THE PROBLEM
Write out the listing below in its entirety, minus the pictures, without changing a word.

(Beginning of DATASET CONTENT)

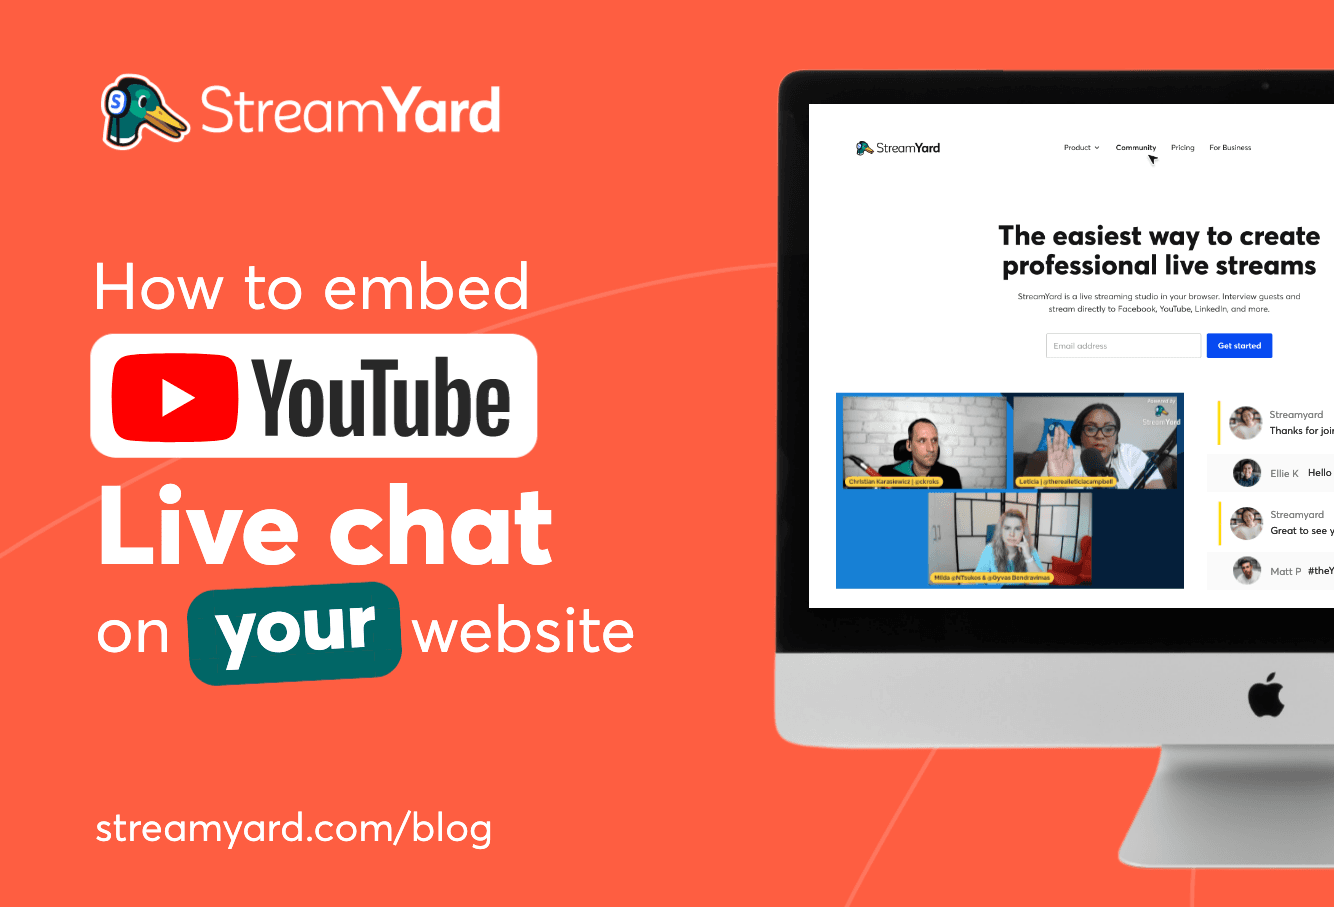 Improve your live stream engagement with live chat. Learn how to embed live chat from YouTube into your website or blog and leverage it for better live streams.
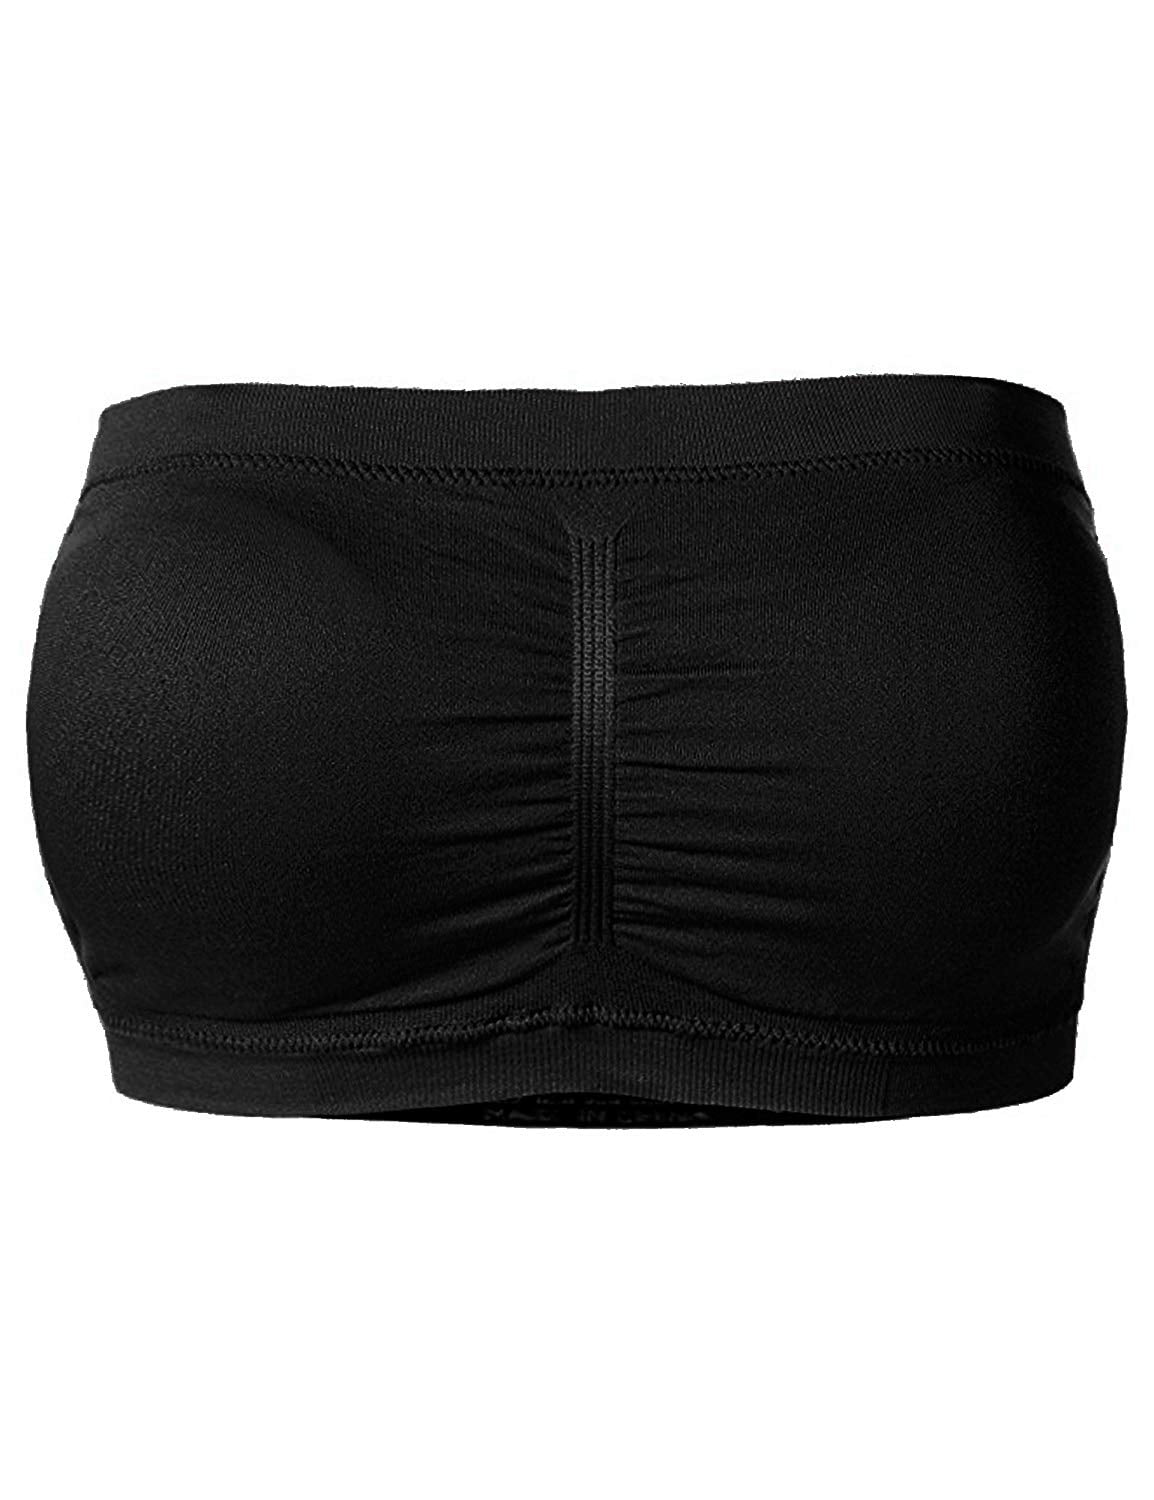 Ladies Basic 7 Seamless Padded Tube Top Sports & Fitness Bra Bandeau  (Black, One Size Fits All(S-L)) 
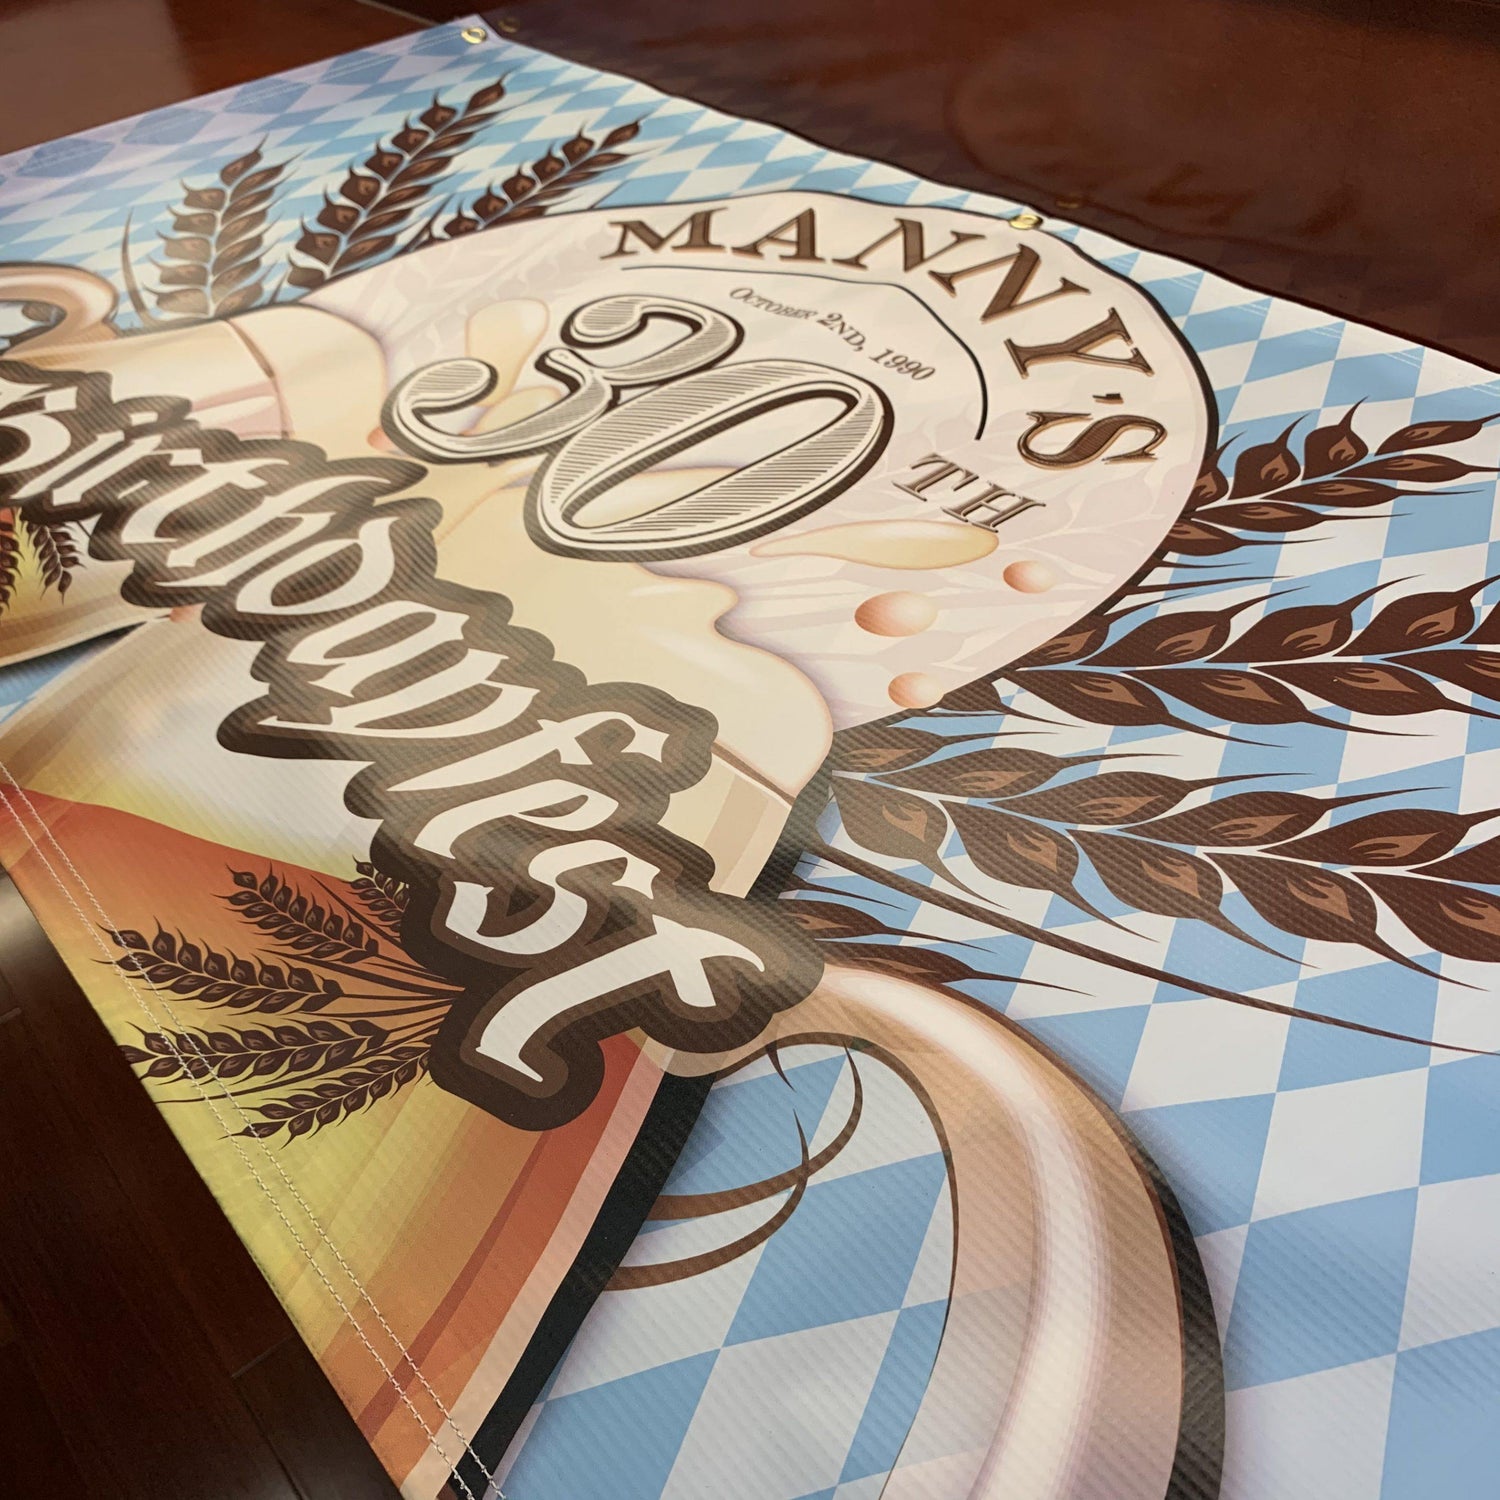 Personalized Oktoberfest Birthday Banner Party Decoration - HomeHaps

(End of DATASET CONTENT)

RESULT FOR THIS TASK
 Improve your live stream engagement with live chat. Learn how to embed live chat from YouTube into your website or blog and leverage it for better live streams.
 Ladies Basic 7 Seamless Padded Tube Top Sports & Fitness Bra Bandeau  (Black, One Size Fits All(S-L)) 
 Personalized Oktoberfest Birthday Banner Party Decoration - HomeHaps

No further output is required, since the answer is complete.